- **Exercise brief**
Please repeat the listing below exactly, but do not include its pictures.

- **Data**
=== Begin Enclosure ===

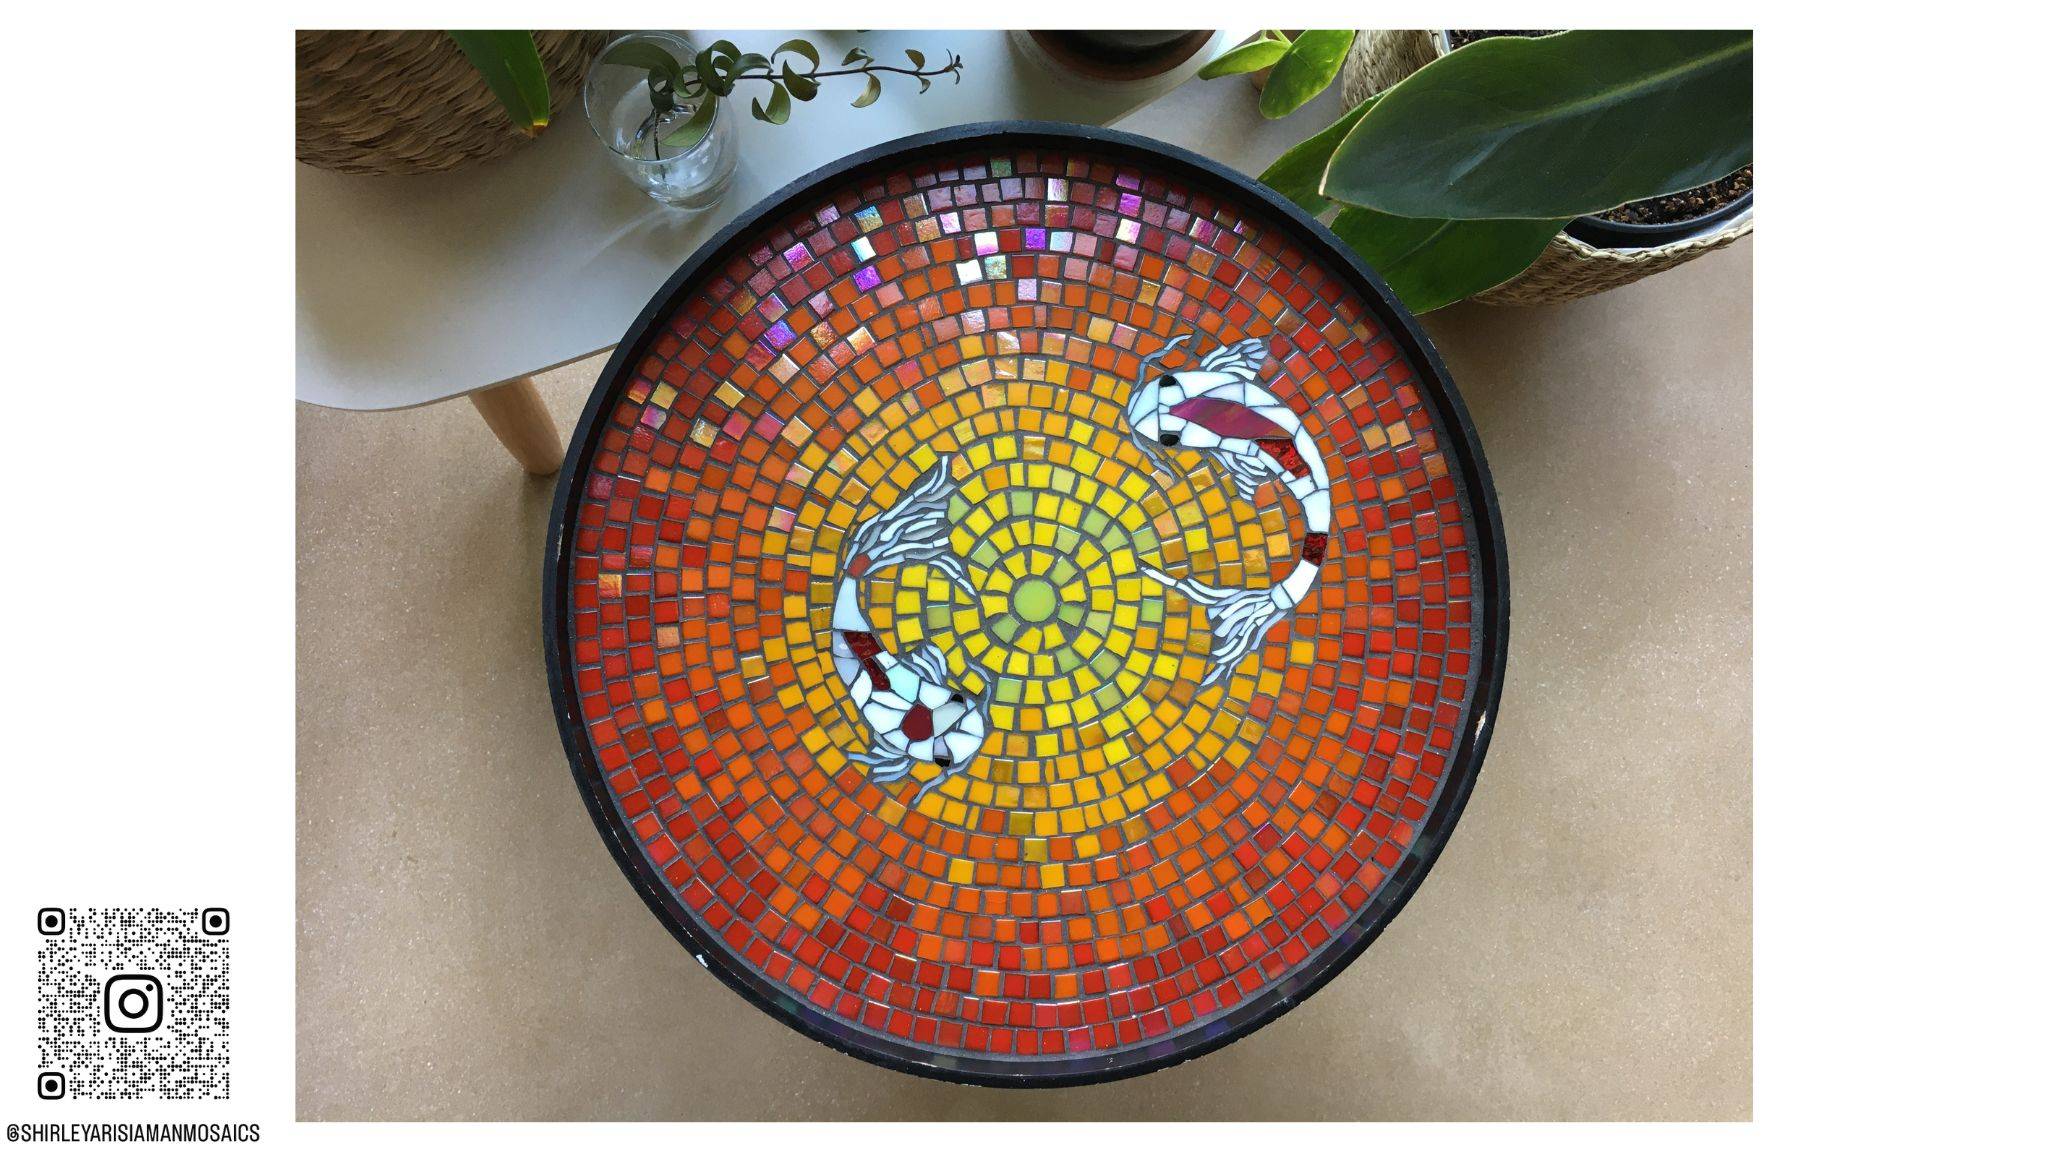 Rond tafelblad in mozaiek met 2 koi vissen op een rode achtergrond die naar geel verloopt. Gemaakt in glasmozaiek en iriserende glasmozaiek. De vissen zijn sierlijk gemaakt met Glasscherven.
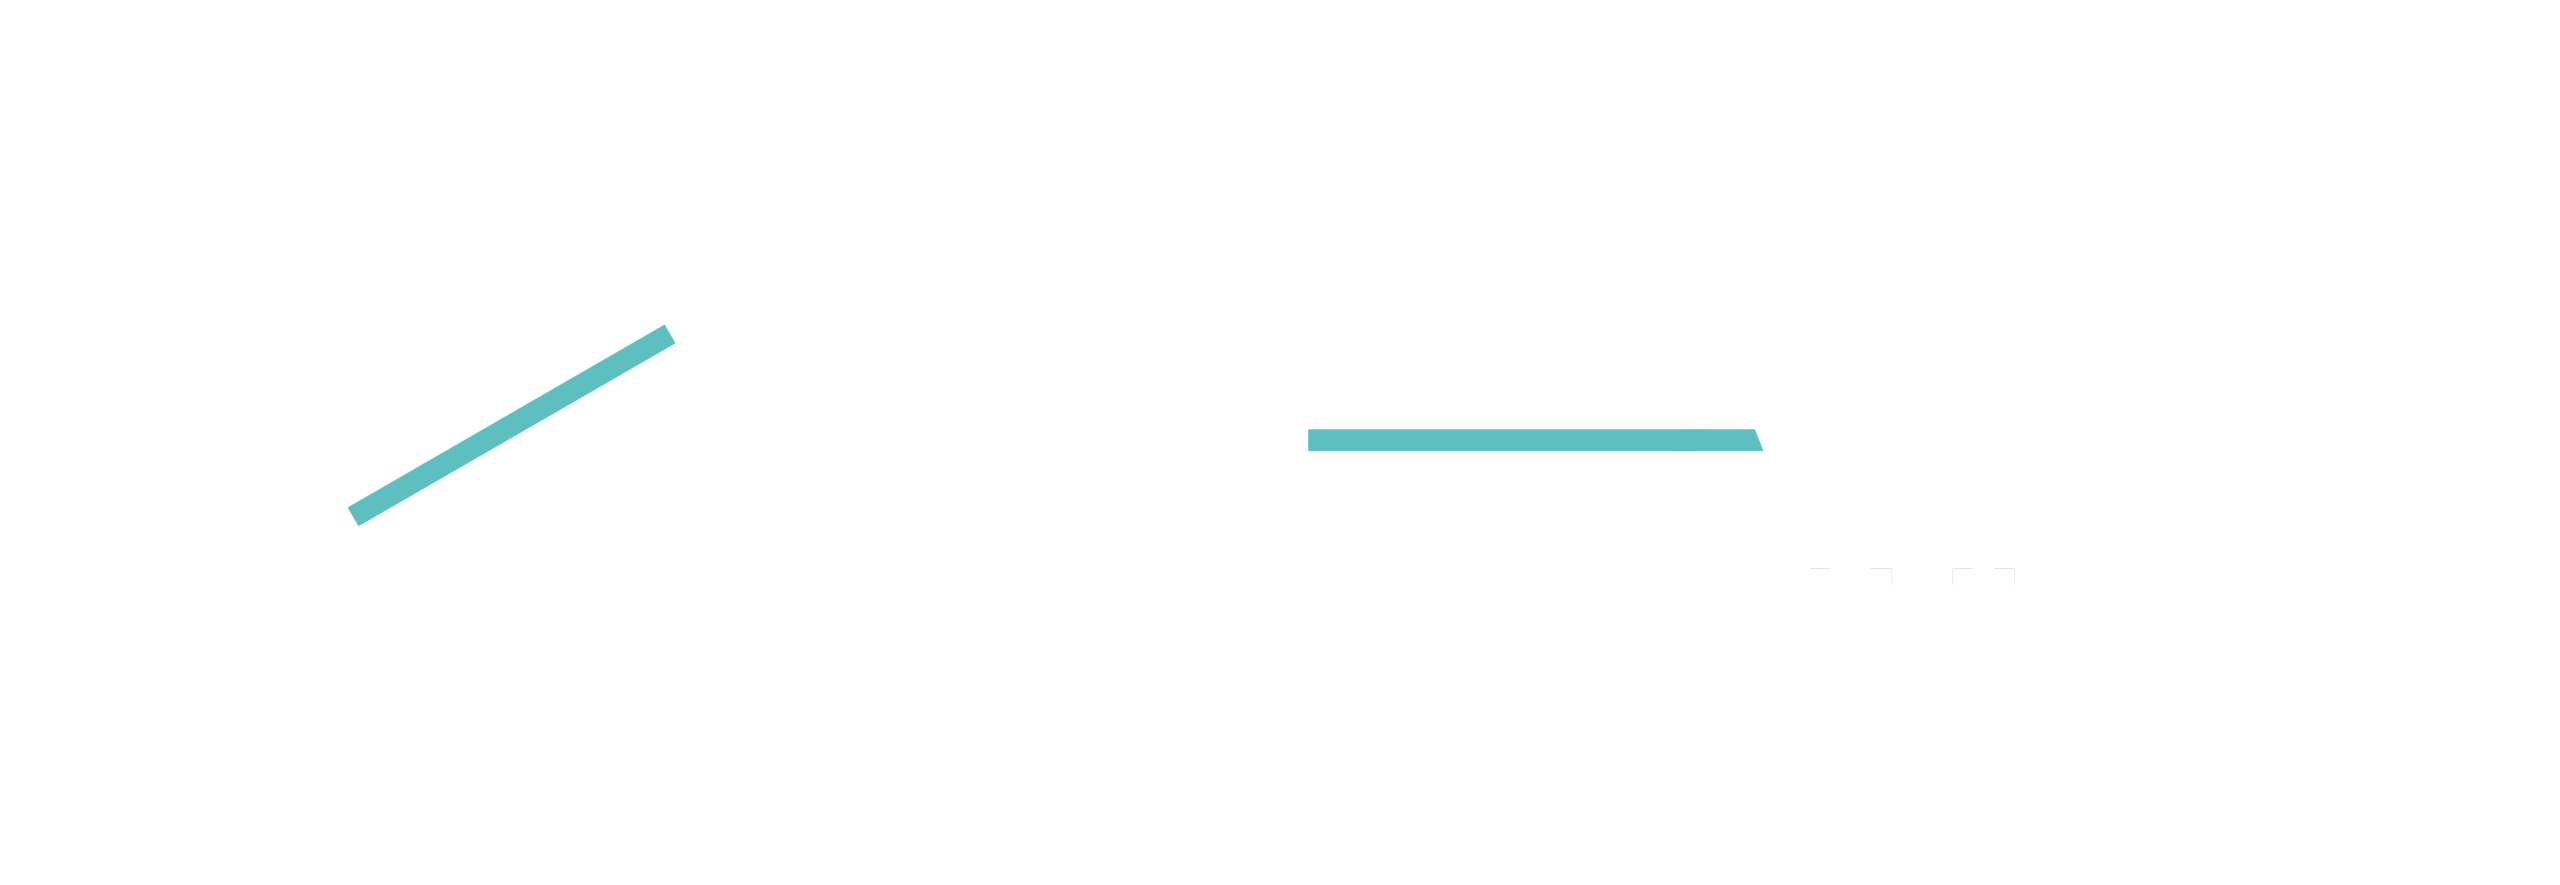 3Beam-05
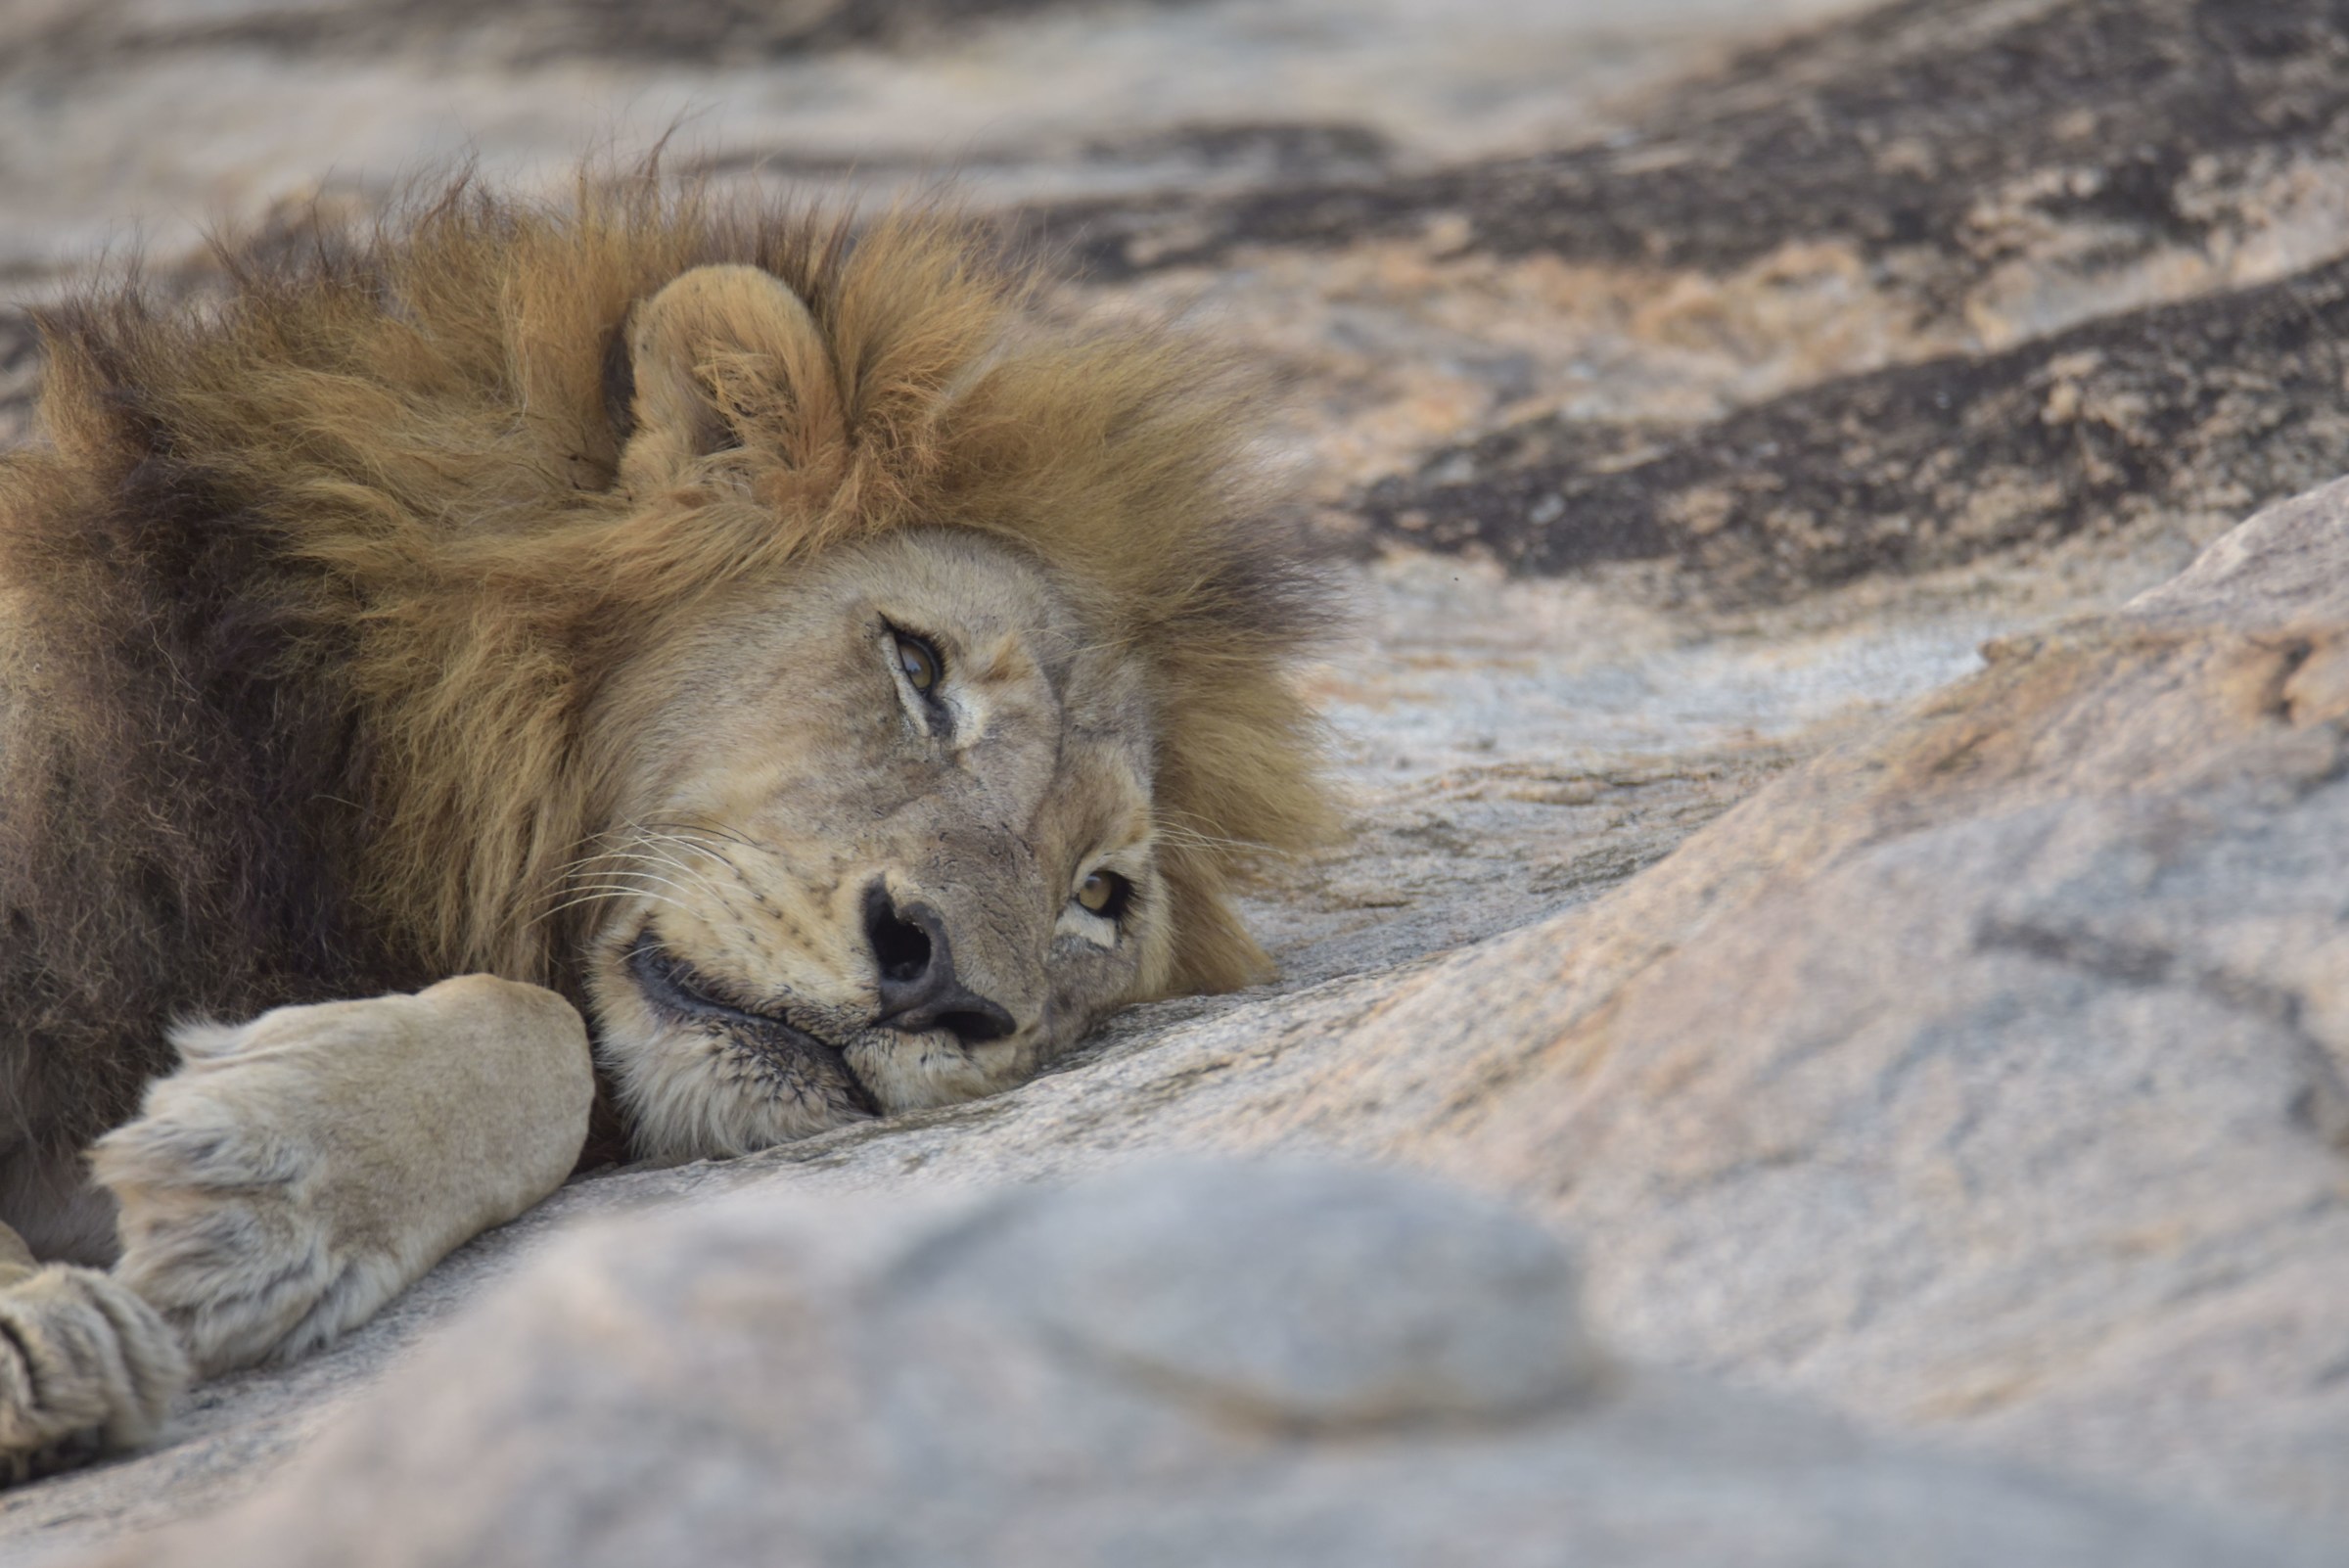 Pensive Lion ........

=== End Enclosure ===

- **Output of the task**
 Rond tafelblad in mozaiek met 2 koi vissen op een rode achtergrond die naar geel verloopt. Gemaakt in glasmozaiek en iriserende glasmozaiek. De vissen zijn sierlijk gemaakt met Glasscherven.
 3Beam-05
 Pensive Lion ........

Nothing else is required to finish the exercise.